Task goal: Could you reproduce, word for word, everything below from the line containing "Industriales esperan bonificación" down to the line containing "Son Dưỡng Dior", with both of those lines included and no others?
Start of Available data
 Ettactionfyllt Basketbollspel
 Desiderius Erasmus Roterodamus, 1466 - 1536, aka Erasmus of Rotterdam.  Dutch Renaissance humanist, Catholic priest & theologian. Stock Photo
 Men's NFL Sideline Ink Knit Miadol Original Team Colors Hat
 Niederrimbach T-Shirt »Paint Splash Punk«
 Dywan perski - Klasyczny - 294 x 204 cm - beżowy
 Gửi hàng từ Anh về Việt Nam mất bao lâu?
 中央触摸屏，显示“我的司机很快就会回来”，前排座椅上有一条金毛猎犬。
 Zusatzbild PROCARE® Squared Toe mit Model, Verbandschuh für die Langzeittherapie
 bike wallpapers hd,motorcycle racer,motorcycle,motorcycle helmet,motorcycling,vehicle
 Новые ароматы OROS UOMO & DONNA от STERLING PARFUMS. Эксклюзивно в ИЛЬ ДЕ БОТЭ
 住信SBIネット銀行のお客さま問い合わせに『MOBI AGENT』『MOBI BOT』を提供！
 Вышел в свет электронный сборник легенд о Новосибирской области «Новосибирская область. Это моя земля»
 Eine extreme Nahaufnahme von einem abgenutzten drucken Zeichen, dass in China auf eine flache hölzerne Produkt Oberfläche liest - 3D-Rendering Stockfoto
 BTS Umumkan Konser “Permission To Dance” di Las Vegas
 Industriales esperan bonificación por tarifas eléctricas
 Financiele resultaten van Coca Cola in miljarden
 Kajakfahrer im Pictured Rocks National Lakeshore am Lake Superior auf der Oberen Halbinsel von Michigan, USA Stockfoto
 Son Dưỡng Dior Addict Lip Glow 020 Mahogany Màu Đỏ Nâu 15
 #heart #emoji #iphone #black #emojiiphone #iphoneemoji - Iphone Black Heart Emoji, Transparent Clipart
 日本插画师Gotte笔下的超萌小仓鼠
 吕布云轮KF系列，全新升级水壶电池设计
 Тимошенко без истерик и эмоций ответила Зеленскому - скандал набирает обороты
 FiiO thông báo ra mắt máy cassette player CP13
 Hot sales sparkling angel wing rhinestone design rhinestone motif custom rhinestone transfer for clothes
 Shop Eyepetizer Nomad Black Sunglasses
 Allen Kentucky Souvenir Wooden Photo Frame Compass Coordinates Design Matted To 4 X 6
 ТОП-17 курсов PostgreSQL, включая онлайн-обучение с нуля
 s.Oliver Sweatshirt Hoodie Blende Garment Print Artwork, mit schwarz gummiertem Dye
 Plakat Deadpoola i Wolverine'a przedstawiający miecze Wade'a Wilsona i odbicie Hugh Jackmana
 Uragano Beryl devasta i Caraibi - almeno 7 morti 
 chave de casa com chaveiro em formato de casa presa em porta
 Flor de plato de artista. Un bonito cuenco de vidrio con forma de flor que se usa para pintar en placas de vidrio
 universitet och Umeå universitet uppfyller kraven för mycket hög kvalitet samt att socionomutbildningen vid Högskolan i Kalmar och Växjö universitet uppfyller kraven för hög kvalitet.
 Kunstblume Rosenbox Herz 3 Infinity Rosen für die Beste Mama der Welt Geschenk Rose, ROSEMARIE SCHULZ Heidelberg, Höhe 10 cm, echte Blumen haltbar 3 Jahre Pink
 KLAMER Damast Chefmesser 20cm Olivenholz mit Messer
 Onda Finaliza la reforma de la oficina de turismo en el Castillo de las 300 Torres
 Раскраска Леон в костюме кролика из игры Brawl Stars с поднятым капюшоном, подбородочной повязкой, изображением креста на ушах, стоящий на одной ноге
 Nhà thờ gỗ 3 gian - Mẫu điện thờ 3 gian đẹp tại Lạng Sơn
End of Available data
Solution:
 Industriales esperan bonificación por tarifas eléctricas
 Financiele resultaten van Coca Cola in miljarden
 Kajakfahrer im Pictured Rocks National Lakeshore am Lake Superior auf der Oberen Halbinsel von Michigan, USA Stockfoto
 Son Dưỡng Dior Addict Lip Glow 020 Mahogany Màu Đỏ Nâu 15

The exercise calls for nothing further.